7 Nisan 2010 Çarşamba

samimiyet ve zevahir

psikolojikleştirme denen bir temayül var ki biz psikolog kişilerinde çok görülür bir temayüldür. siz çok görmeyin ama napalım, böyle bir terbiyeden geçiyoruz biz de. sonra inanır mısınız geçtiğimiz terbiyenin tesirini üzerimizden atabilmek için de başka terbiyelerden geçiyoruz. inanır mısınız?

işte bu psikolojikleştirme temayülünün de bir tesiri olmuştur belki, görünür olanla bir derdim vardı benim, hani, "mühim olan kalp temizliği" gibi laflar etmezdim elbet, "icraate bakalım beyler" bile derdim . ama ibadetlerin cemiyet hayatıyla kaynaşık olması, rutinin içinde akıp gitmesi, ibadet etmeme ihtiyarını insanın elinden yavaşça alıyor gibi geliyordu bana. bu da samimiyete zarardı. halbuki samimiyet en mühimi değil miydi?

sonra günler geceler geçti ve şöyle bir şey fark ettim, samimiyet zorlukların içinden çıkandı, çıkabilendi. cemiyet bir yanıyla tehdidi olacak ve tehdit ederken de aslında koruyucusu olacaktı samimiyetin.

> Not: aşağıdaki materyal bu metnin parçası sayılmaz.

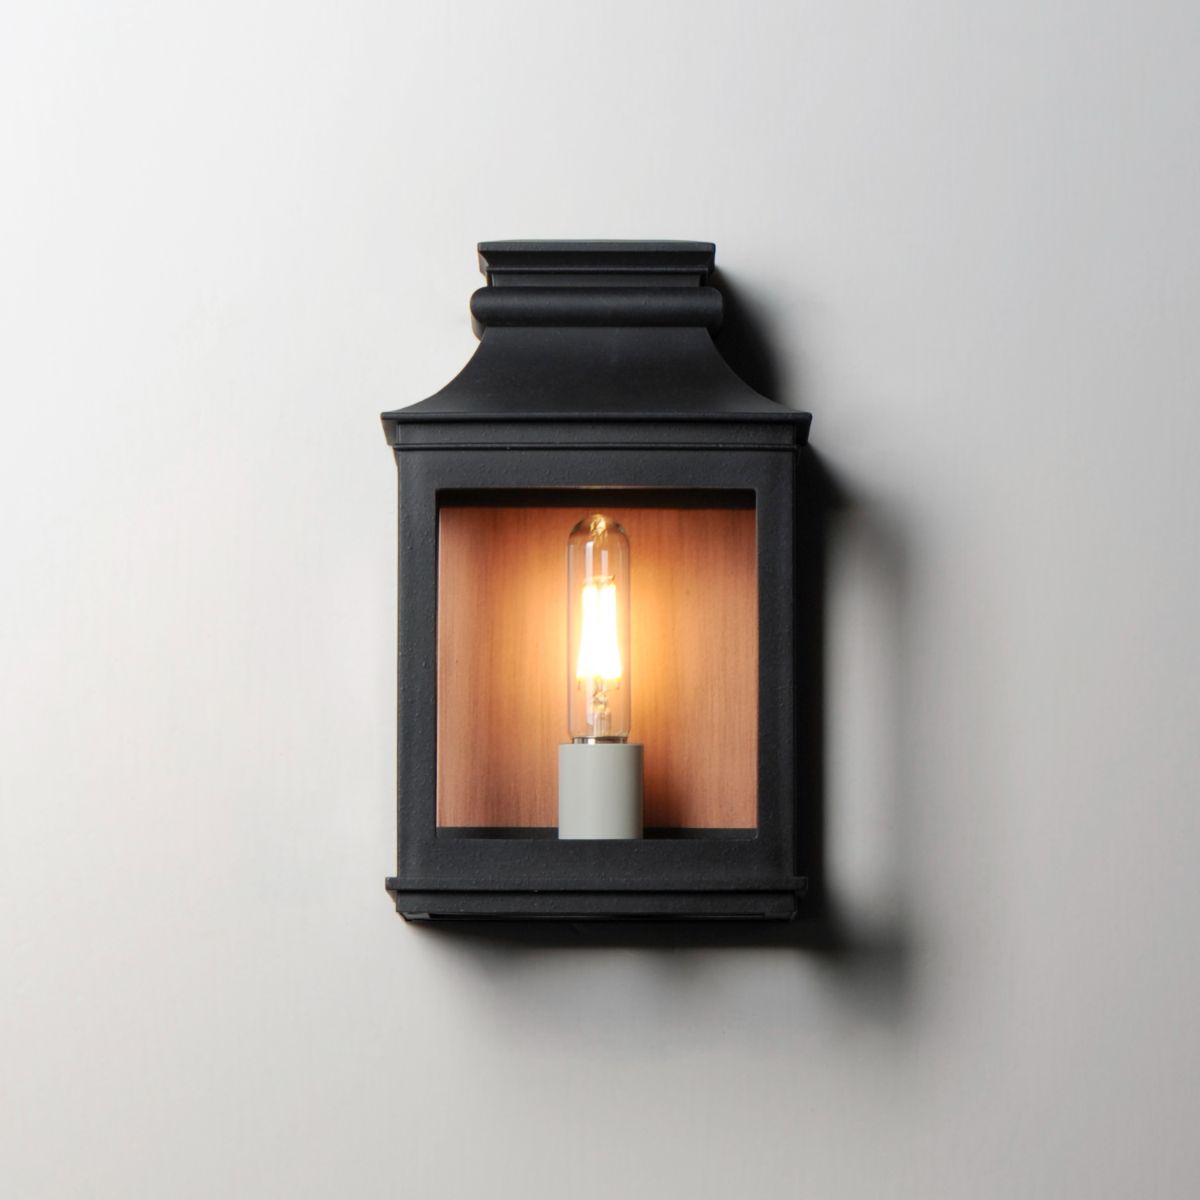 Savannah VX 13 in. Outdoor Wall Sconce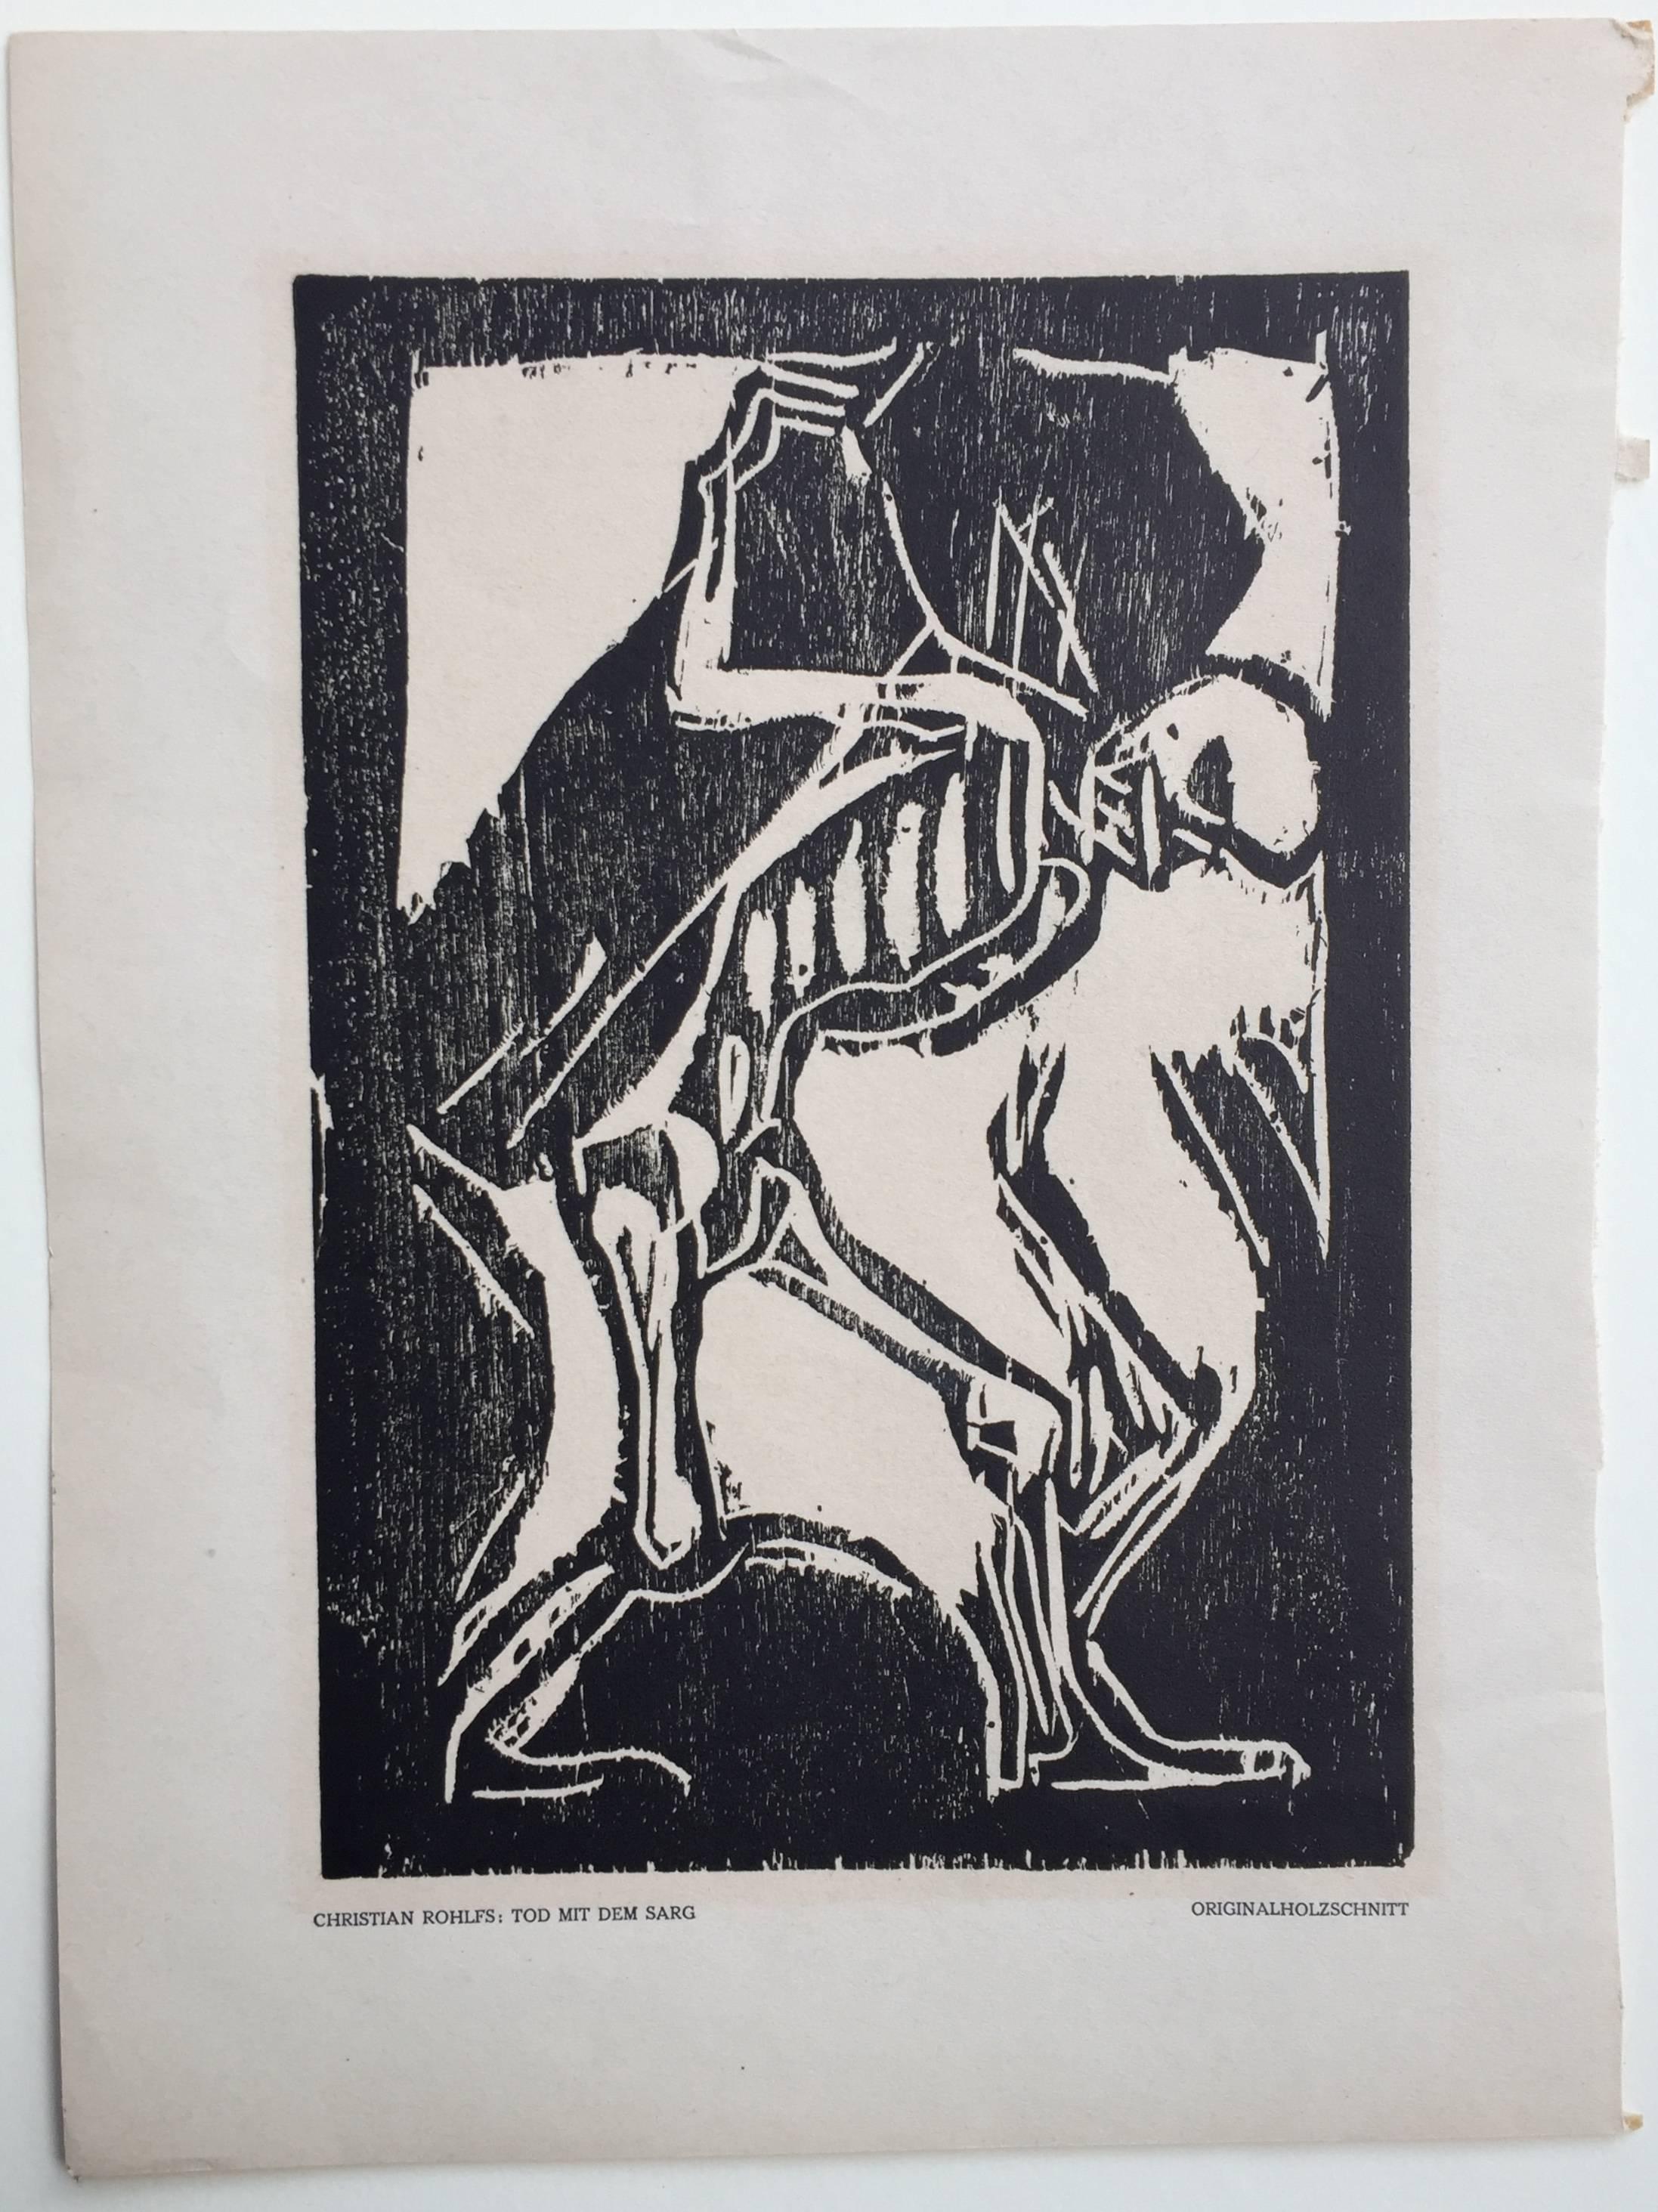 TOD MIT DEM SARG (Death with a Coffin) - Print by Christian Rohlfs

spinoza burda olsa bana hak verirdi eminim ki :) çünkü barış hali hep uyanıklık gerektirir sanıldığının aksine uyku değil.

1 yorum:

V.yaka dedi ki...

ben çok sevdim. neden bu kadar sevdim bilemeden sevdim. ilk paragrafta güldüm bir güzel. ikincide "hmm"ladım. üçüncü "doğru valla" dedi bana. dördüncüye bakakaldım.